◆ ASSIGNMENT:
Reproduce the listing that follows in full. Omit its images.

◆ DATASET SECTION:
_____

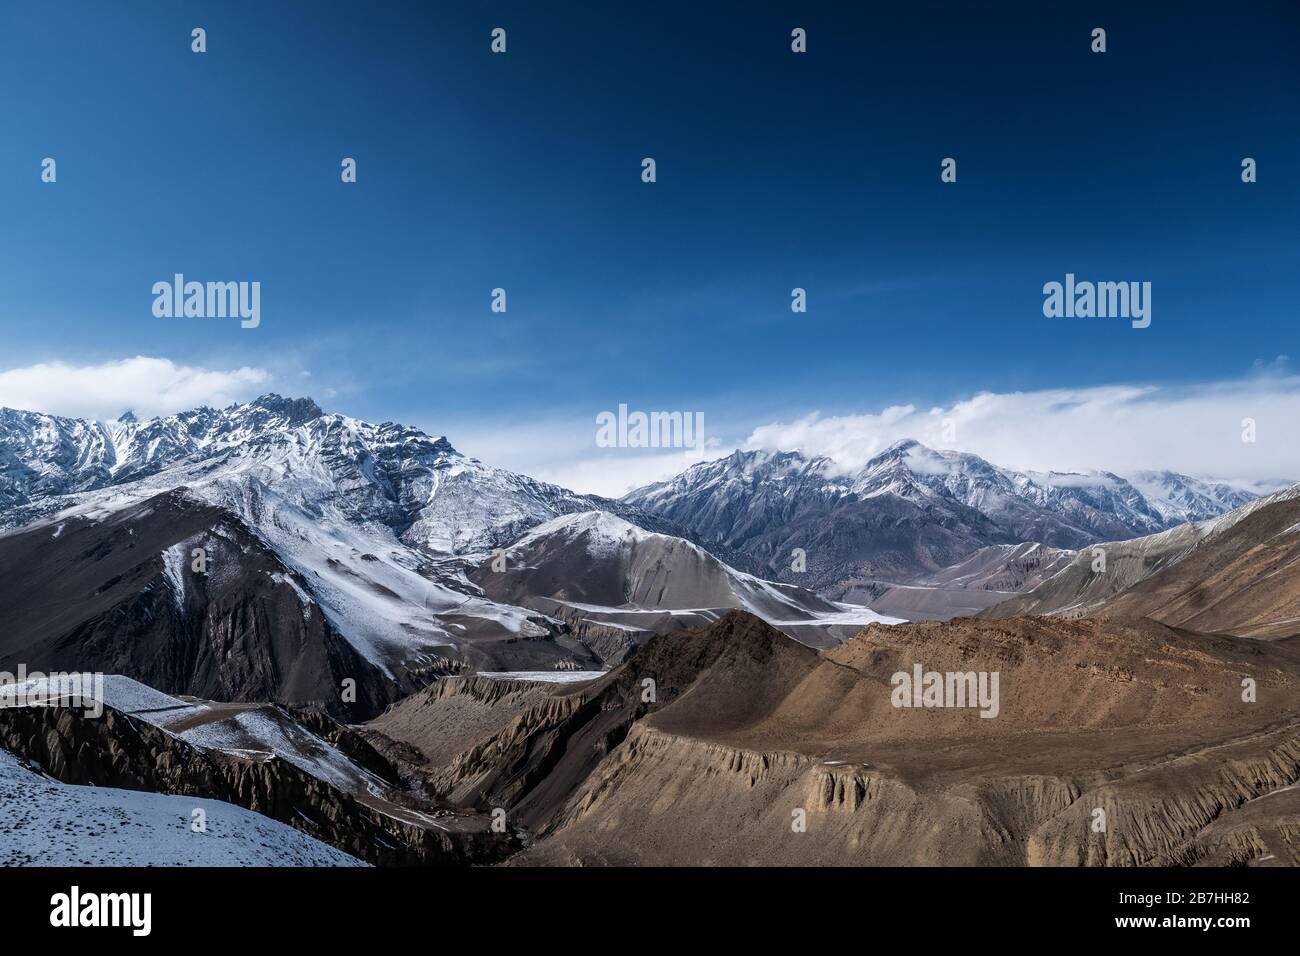 Mustang Paesaggi nella neve, Nepal Foto Stock
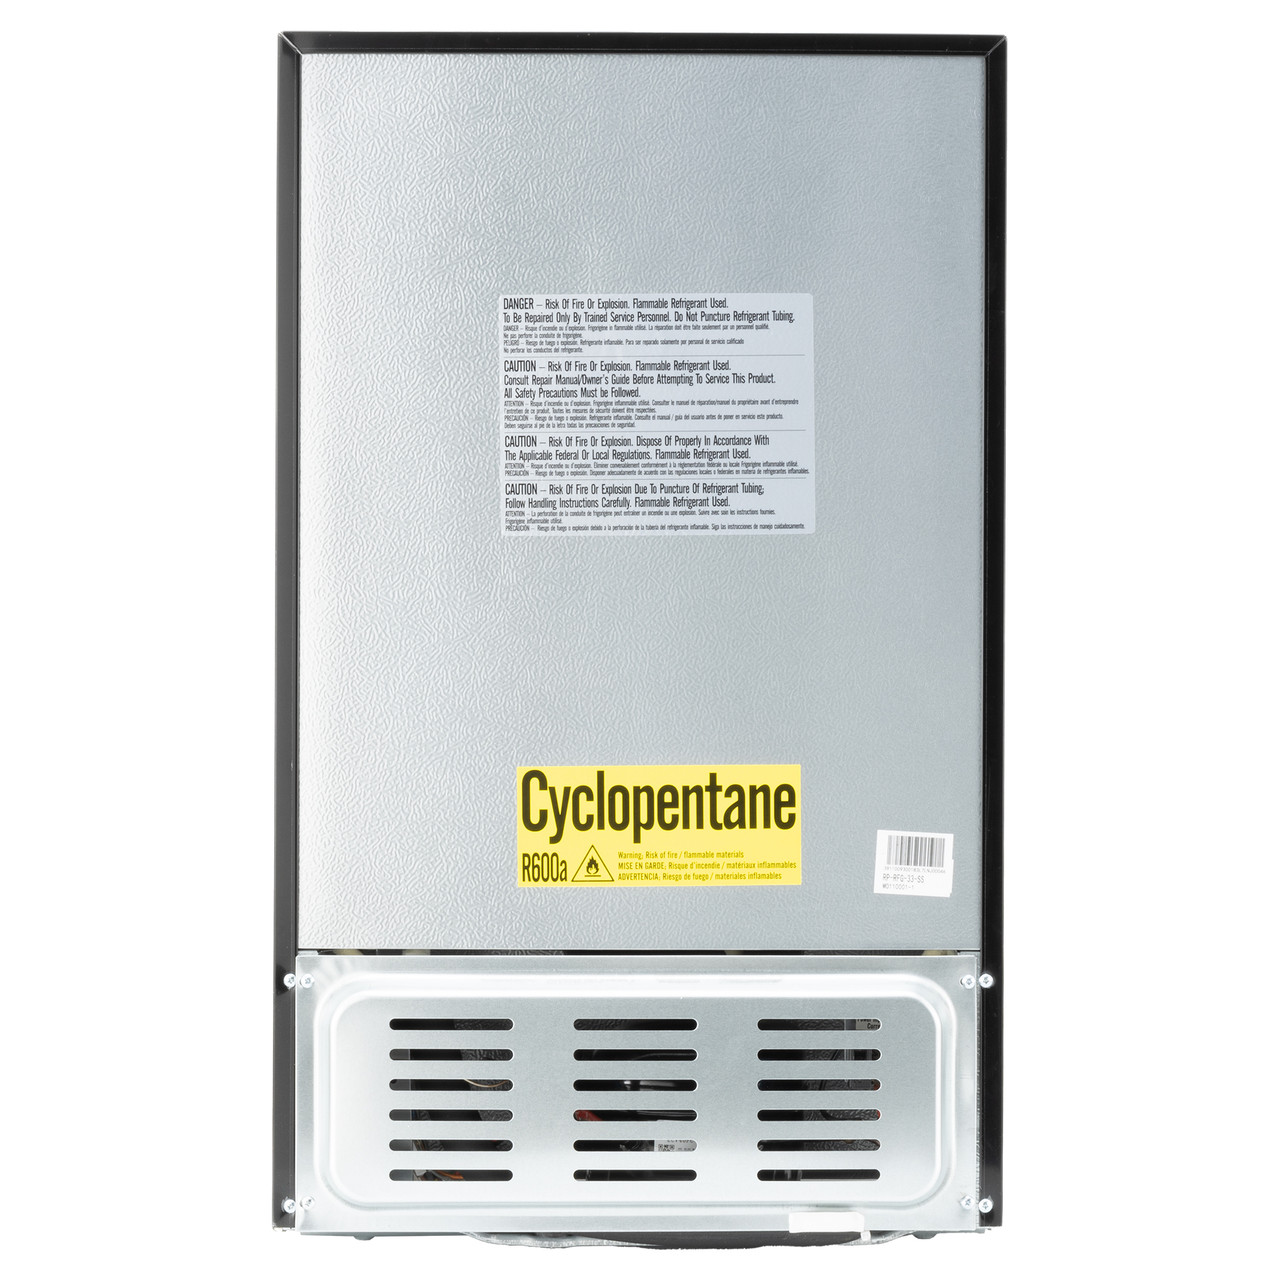 R600a case of 12  Best Refrigerant.com
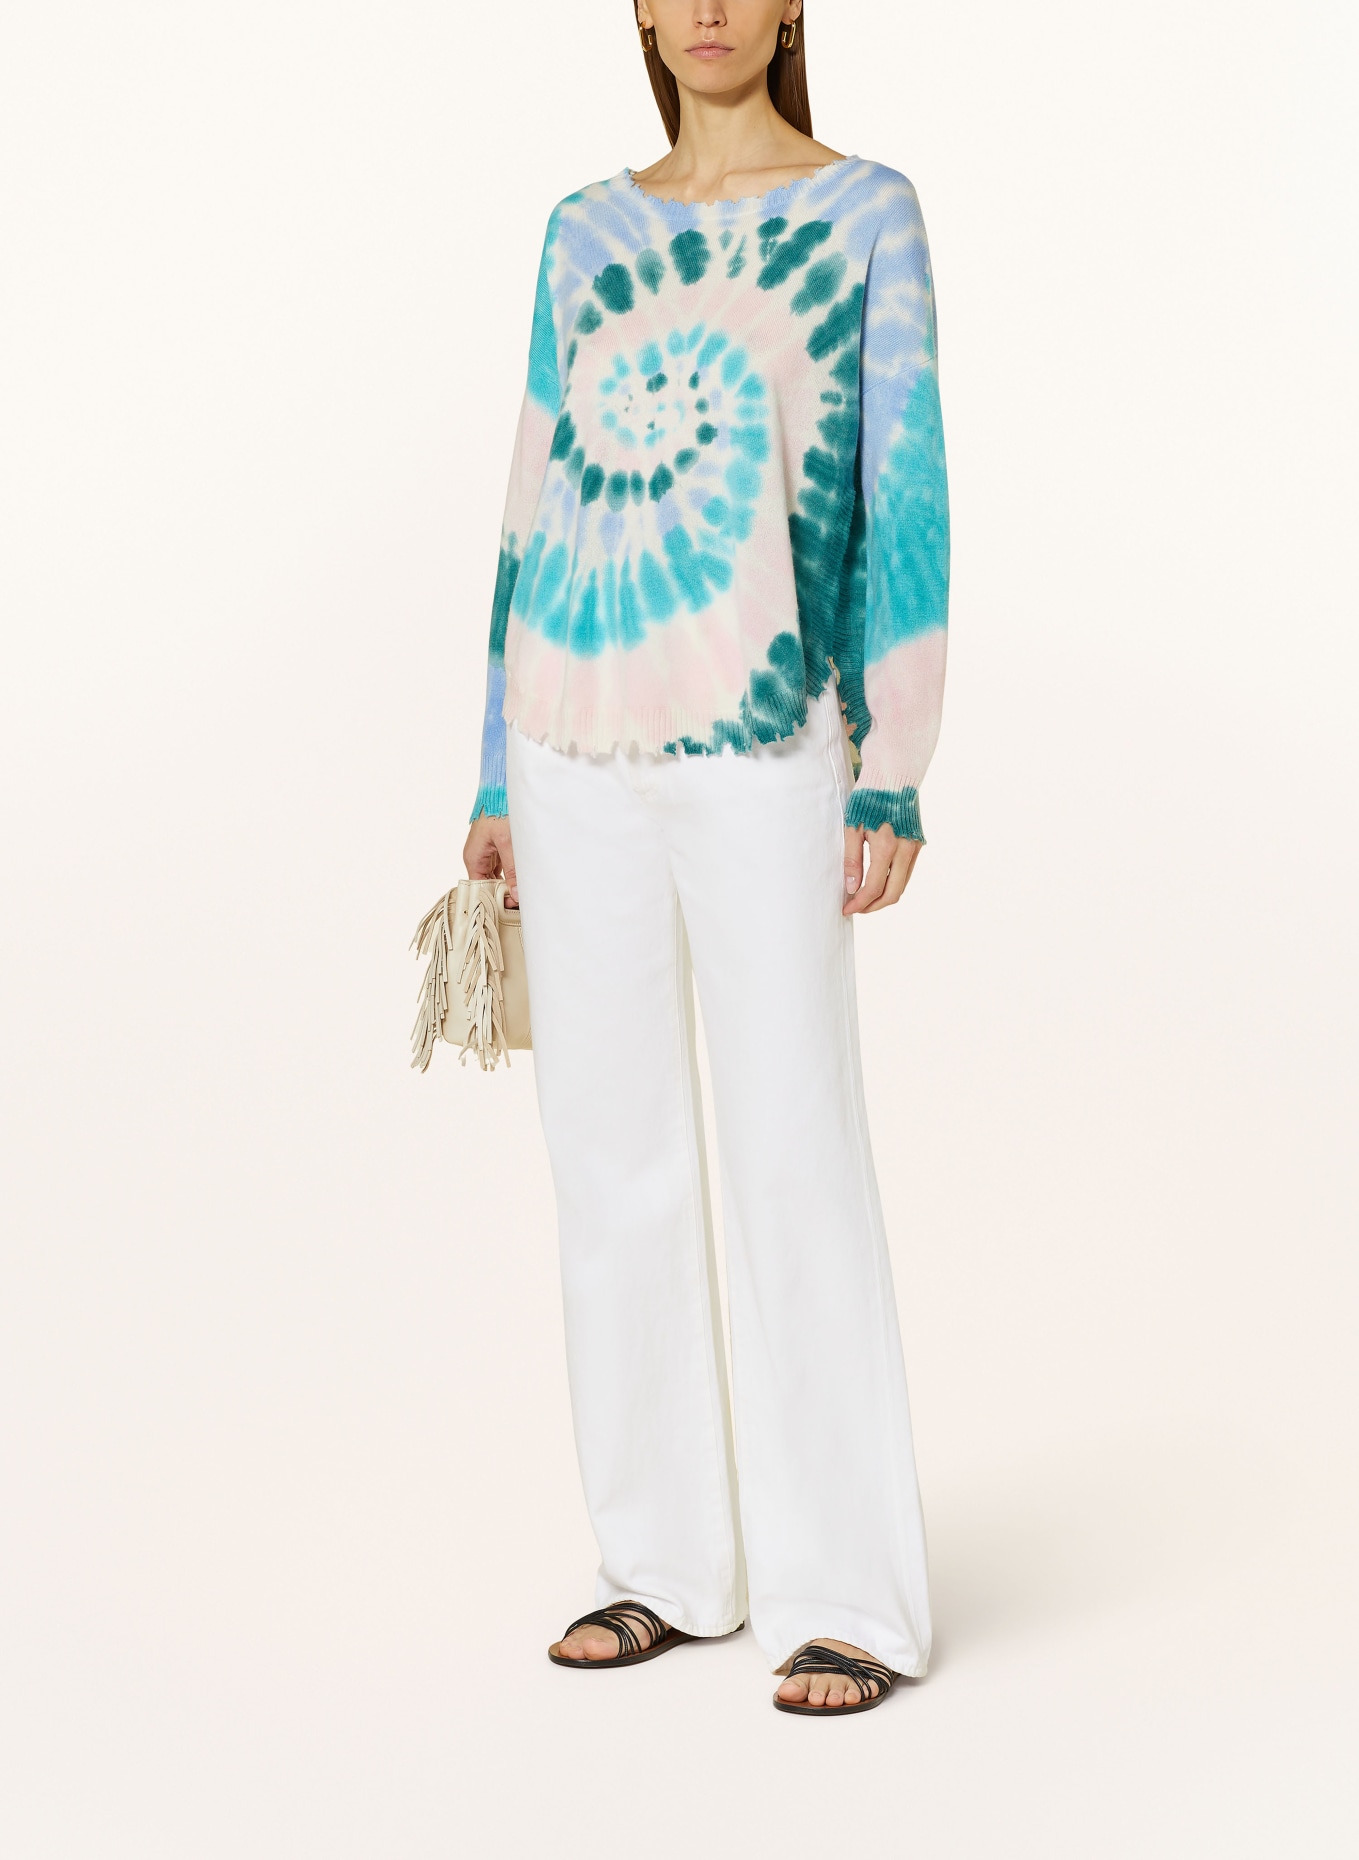 KUJTEN Cashmere sweater MELA SUNNY, Color: BLUE/ GREEN/ LIGHT PINK (Image 2)

_____

◆ SOLUTION:
 Mustang Paesaggi nella neve, Nepal Foto Stock
 R600a case of 12  Best Refrigerant.com
 KUJTEN Cashmere sweater MELA SUNNY, Color: BLUE/ GREEN/ LIGHT PINK (Image 2)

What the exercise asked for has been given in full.